14. In another case Mahesh Chandra Vs. Kishan Prakash Gupta (1981) 2 A. L.J. II 1250. It has been held that the liberty to enter into a contract for payment of any amount by way of Pagri , for giving up possession of any premises to the outgoing tenant , in the present context of scarcity of accommodation, has without doubt the harmful tendency of involving an incoming tenant in unavoidable harassment. Such an agreement would clearly be void u/sec. 23 of Indian Contract Act.

15. It is further important to mention here that it is a contrary to public policy to induce public officers, for money or other valuable consideration, to use their position and influence to procure a benefit. It has been observed in Manindra Chandra Vs. Aswini Kumar Acharjya AIR 1921 Calcutta (185). Similar is the situation with regard to an agreement to bargain or traffic regarding to a public office is opposed to public policy since such a course tends to the prejudice of the public service by interfering with the appointment of persons best qualified. It amounts to trafficking in public office. Similar anology is applicable to an agreement to pay money to a public servant in order to offer inducement to him to retire from this office which is hit by Section 23 of Indian Contract Act.

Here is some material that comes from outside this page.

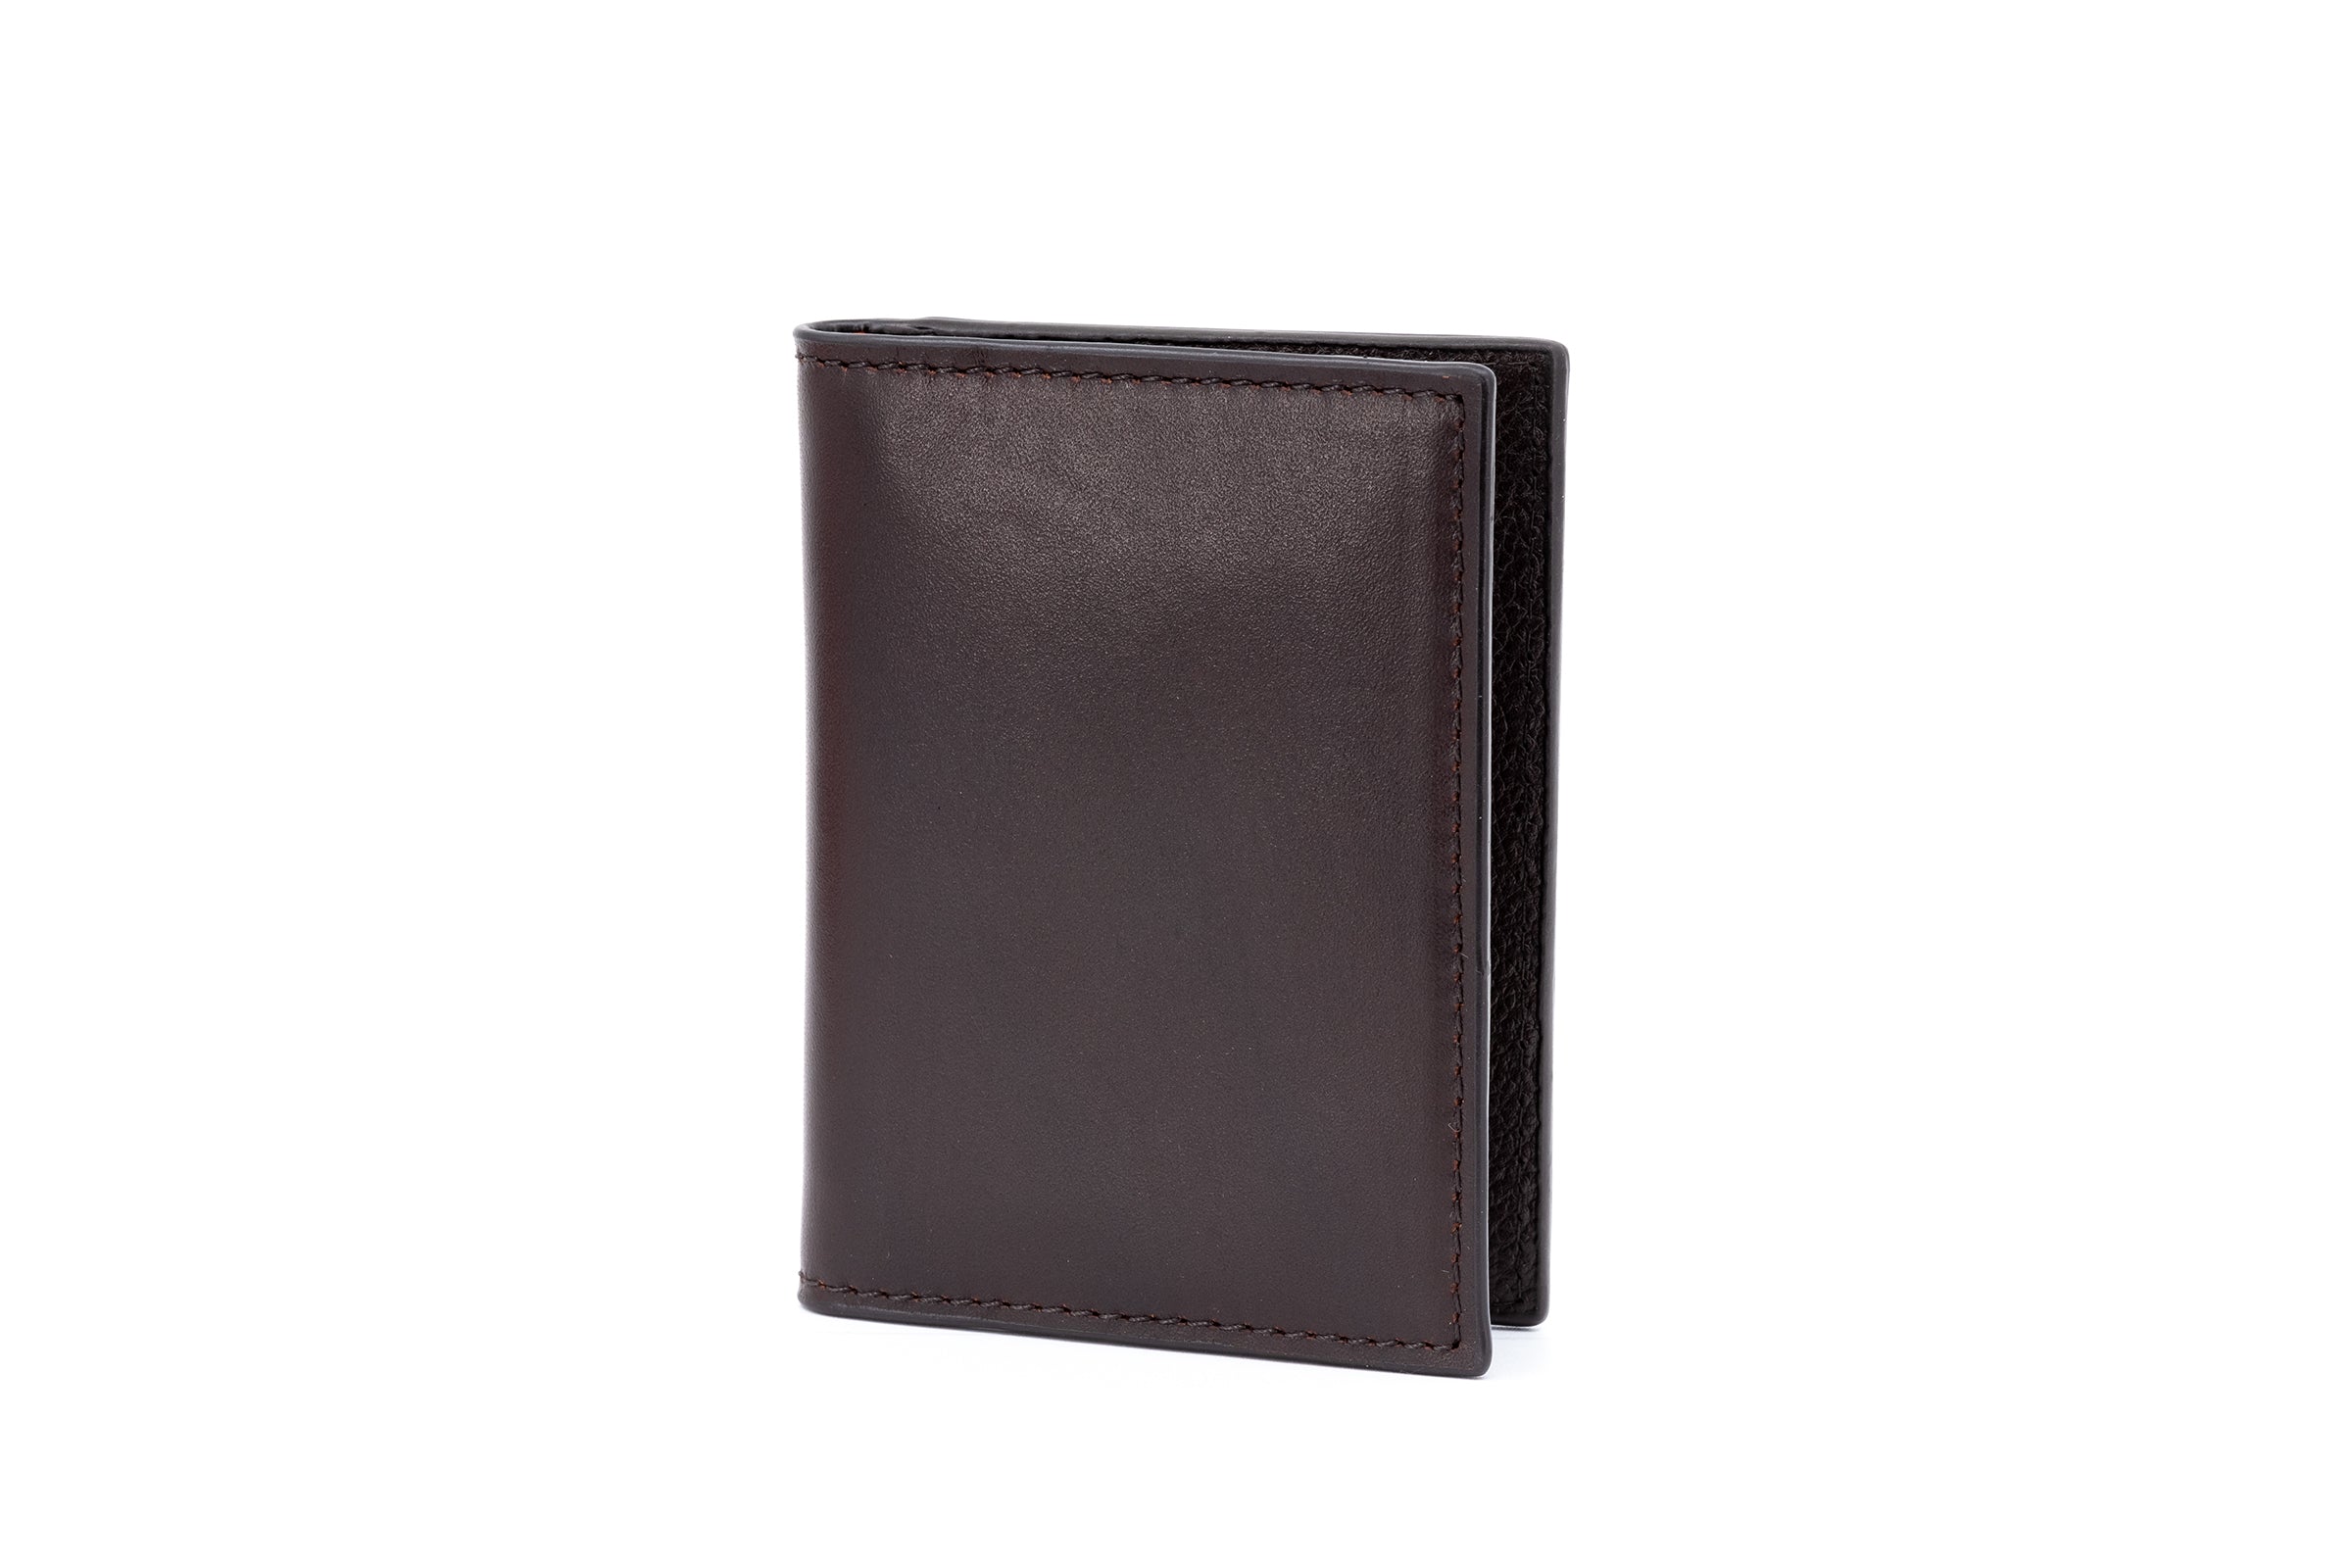 Edward Saddle Leather ID Wallet - Chocolate

16. Similar is the situation involved here in this case. In the present case the plaintiff is stated to have been running private consultancy service and under that consultancy service a job of the applicant in some of the office is arranged. The plaintiff is stated to have been charging for his service. So far as charging for his service provided to the applicant is concern it is not hit by any law or any statute and it was not hit by any public policy as it does not involve any illegality in it. The plaintiff by way of a present agreement with the defendant has extended to a further extent. He had 10 demanded another share from the salary of the defendant. He further extended to the extent that if the defendant was to leave the job and procured by plaintiff before time prescribed then he was again to pay the plaintiff certain some of money.

17. It is important to mention here that it is the duty of public official charged with making appointments to make the best appointments possible without reference to private interests, and as it is expedient that those occupying public office shall have such inducements as its emoluments afford for the faithful performance of their duties, a bargain to make a certain appointment or to influence the making of an appointment by such an official , or that an official will share the emoluments of his office with another, is invalid.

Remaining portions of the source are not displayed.